Image: SunEdison.

I've had my questions about the future of SunEdison (NYSE: SUNE) given the company's financial position and continued losses for quite a while. The development company built what I think is a house of cards on top of yieldcos TerraForm Power (NASDAQ: TERP) and TerraForm Global (NASDAQ: GLBL), which were supposed to buy projects indefinitely from their parent company.

But that narrative has fallen apart as the stock of all three companies has dropped in the last six months. Yet, both yieldcos should have stable businesses and with TerraForm Power yielding 16.7% in dividends and TerraForm Global yielding 23.1% it would seem that there's some value left in their shares even if SunEdison is headed for the worst.

Yieldcos should be where safe money goes
The whole idea of a yieldco is it's a company that owns renewable energy projects with long-term cash flows that will result in a stable dividend for investors. Wind and solar projects produce about the same amount of energy each year and the projects have long-term contracts with utilities to buy that energy, so the business seems safe on the surface.

Below, you can see that both TerraForm Power and TerraForm Global have businesses that generate real revenue and real cash flow from operations.

 

TerraForm Power 

TerraForm Global 

Market Cap

$1.16 billion

$936.6 million

Q3 Revenue

$163.3 million

$29.4 million

Q3 Net Income

$2.4 million

($82.9 million)

Q3 Operating Cash Flow

$70.0 million

($29.5 million)

Q3 Cash Available For Distribution

$71 million

$24 million

Source: Yahoo! Finance and SEC filings.

It seems like a business that can generate a significant amount of cash each quarter should be worth something, particularly given the huge dividend payout. But these are no ordinary dividend stocks.

The problem with SunEdison's yieldcos
What complicates both of SunEdison's yieldcos is their strange relationship with SunEdison itself. If you look at the income statement of both companies, TerraForm Power spent $14.6 million on general and administrative costs from its affiliate (SunEdison) last quarter and TerraForm Global spent $6.3 million on the same line item. These costs are added back to cash from operations when calculating cash available for distribution, boosting the appearance of available cash for shareholders.

It makes sense that net income would be lower than cash available for distribution, because cash for distribution pulls out non-cash depreciation expenses, but cash available for distribution is what determines a yieldco's dividend and right now both are paying out more than they're taking in from operations. 

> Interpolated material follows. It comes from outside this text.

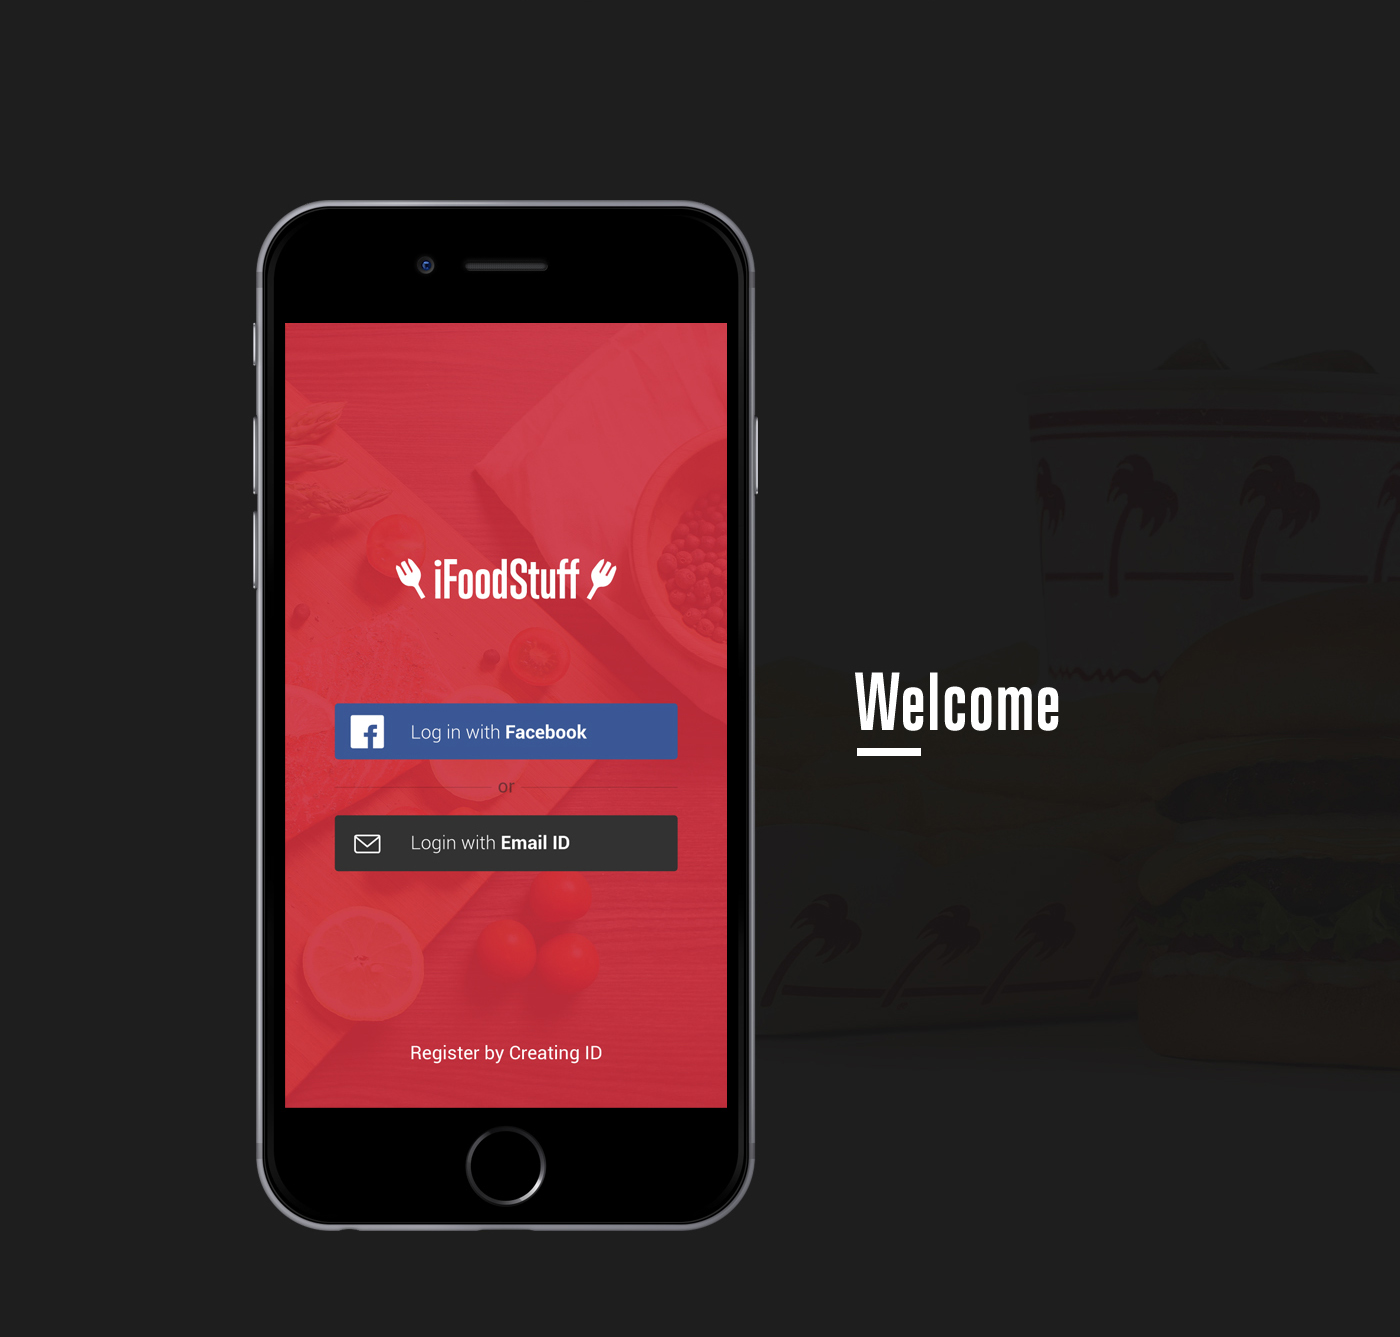 Food  app apps restaurant cook delivery dishes vouchers reservation Order

This discrepancy between cash flows and cash paid to shareholders also makes it hard for me to call a bottom in yieldco stocks. Dividend yields of 14.6% at TerraForm Power and 21.1% for TerraForm Global seem amazing but the numbers never seem to be as straightforward as they should be and with $2.5 billion in debt hanging over TerraForm Power and $1.2 billion in debt at TerraForm Global both companies have more uncertainty than I'd like at the moment.

Value is there, but at what price?
TerraForm Power and TerraForm Global have value for investors and I think they're far from dead. The questions is: What price is fair for both?

Right now, yields in double digits seem amazing, but I'm worried about paying out more cash than both are bringing in and the costs of being associated with SunEdison. Over the next year we'll be able to see both slow down acquisitions and become more stable companies, giving investors a good idea of what their cash flows will be long-term.

Once we see that stability in operations I may be more likely to jump into these stocks. I'd rather see both companies become steady cash flow machines rather than the growth companies they still talk about being. Until then, I'm taking the safe route and watching them from a distance.

Travis Hoium has no position in any stocks mentioned. The Motley Fool has no position in any of the stocks mentioned. Try any of our Foolish newsletter services free for 30 days. We Fools may not all hold the same opinions, but we all believe that considering a diverse range of insights makes us better investors. The Motley Fool has a disclosure policy.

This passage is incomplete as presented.